Descendant tree (group theory)

In the realm of group theory, a descendant tree provides a visual and structural representation of pro-p groups and their finite quotients, especially p-groups. It's a hierarchical organization depicting the relationships between different groups obtained by successively applying p-coverings or similar constructions. It’s particularly useful for exploring the structure and classification of p-groups.

The root of the descendant tree is typically a relatively small p-group, often with a simple structure. Subsequent levels are populated by its descendants. A descendant of a p-group G is another p-group H such that there exists a central extension 1 → A → H → G → 1, where A is an elementary abelian p-group (i.e., a vector space over the field with p elements) contained in the Frattini subgroup of H. This means that G is a quotient of H by a central subgroup of exponent p that is contained in all maximal subgroups of H.

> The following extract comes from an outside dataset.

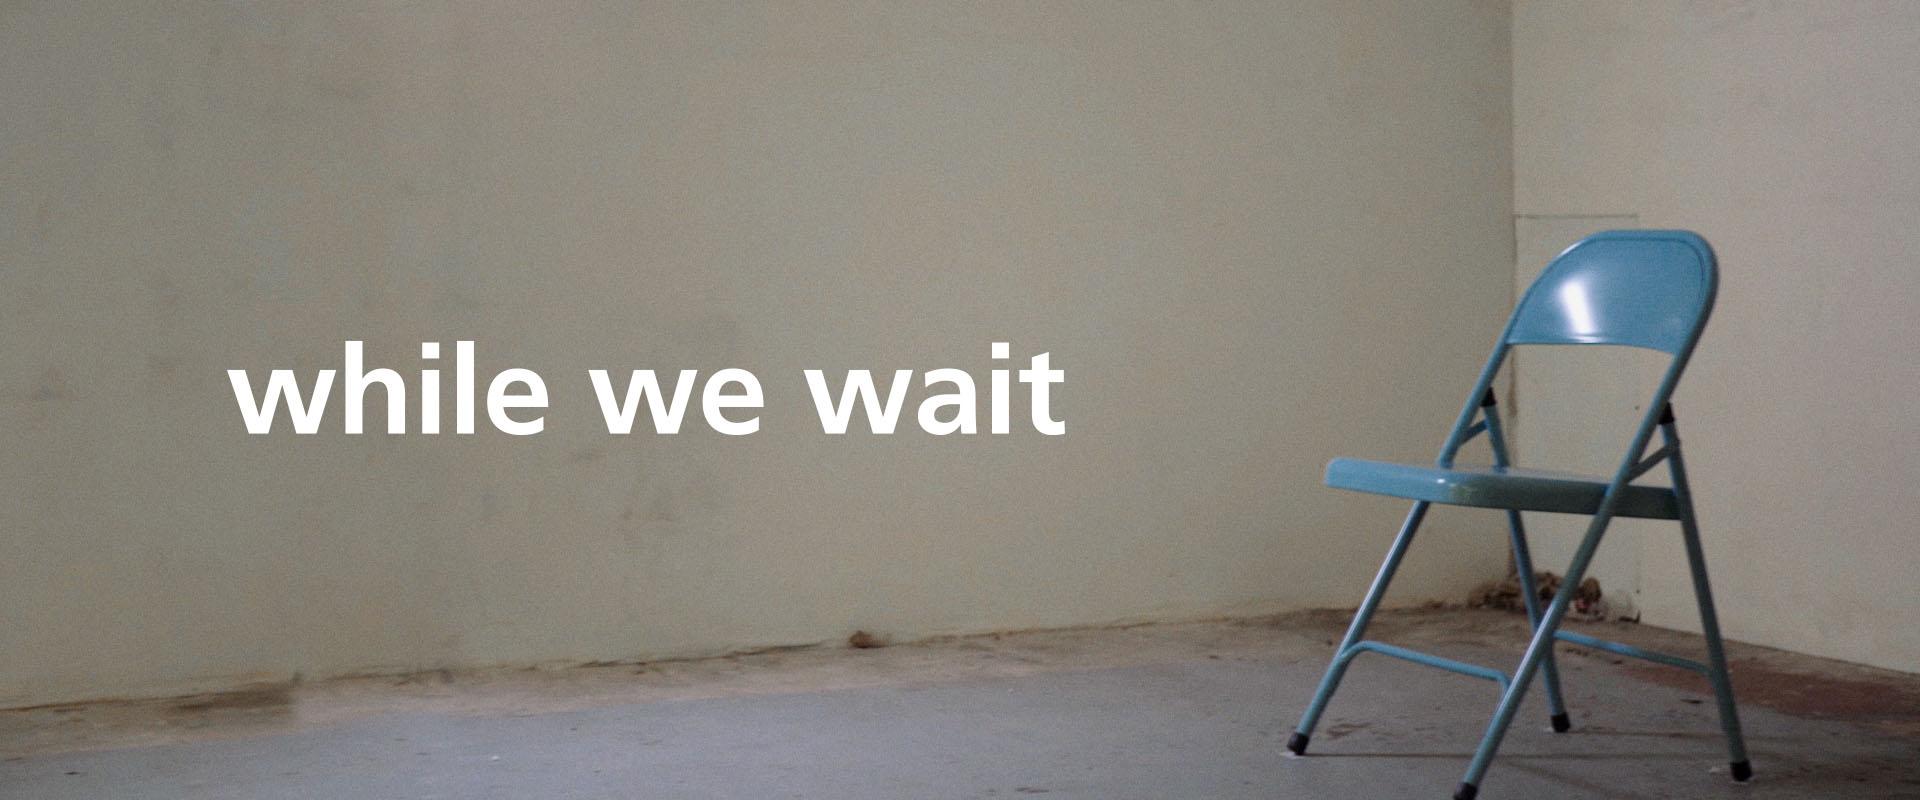 while we wait documentary

Each node in the tree represents a specific p-group, and the edges connecting nodes represent the descendant relationship. The number of children a node has is determined by the number of distinct central extensions (subject to some equivalence relation, typically isomorphism) of the p-group it represents. The branching pattern of the tree reveals information about the prevalence and diversity of p-groups with specific properties.

Key concepts related to descendant trees include:

• Immediate Descendant: An immediate descendant of a group G is a descendant H obtained by a single central extension as described above. An edge in the descendant tree connects a group to its immediate descendants.

• Terminal Node: A node in the tree representing a group that has no further descendants (according to the specific criteria for constructing the tree). These groups often have unique properties or represent "end points" in the classification of p-groups.

• Coclass: The coclass of a finite p-group G of order pⁿ and nilpotency class c is defined as n - c. Coclass is often used to organize and analyze p-groups. Descendant trees are frequently structured by coclass, allowing researchers to investigate the structure of p-groups with a particular coclass.

• Pro-p Group: A pro-p group is a topological group that is an inverse limit of finite p-groups. Descendant trees are instrumental in studying the structure of pro-p groups, as they provide a way to systematically explore the finite quotients of a pro-p group. The infinite pro-p groups can be "approximated" by examining increasingly deeper levels of their descendant tree.

Descendant trees are used extensively in the classification of p-groups, especially for specific coclasses. They are powerful tools for visualizing and understanding the intricate relationships between different p-groups and the underlying structure of pro-p groups.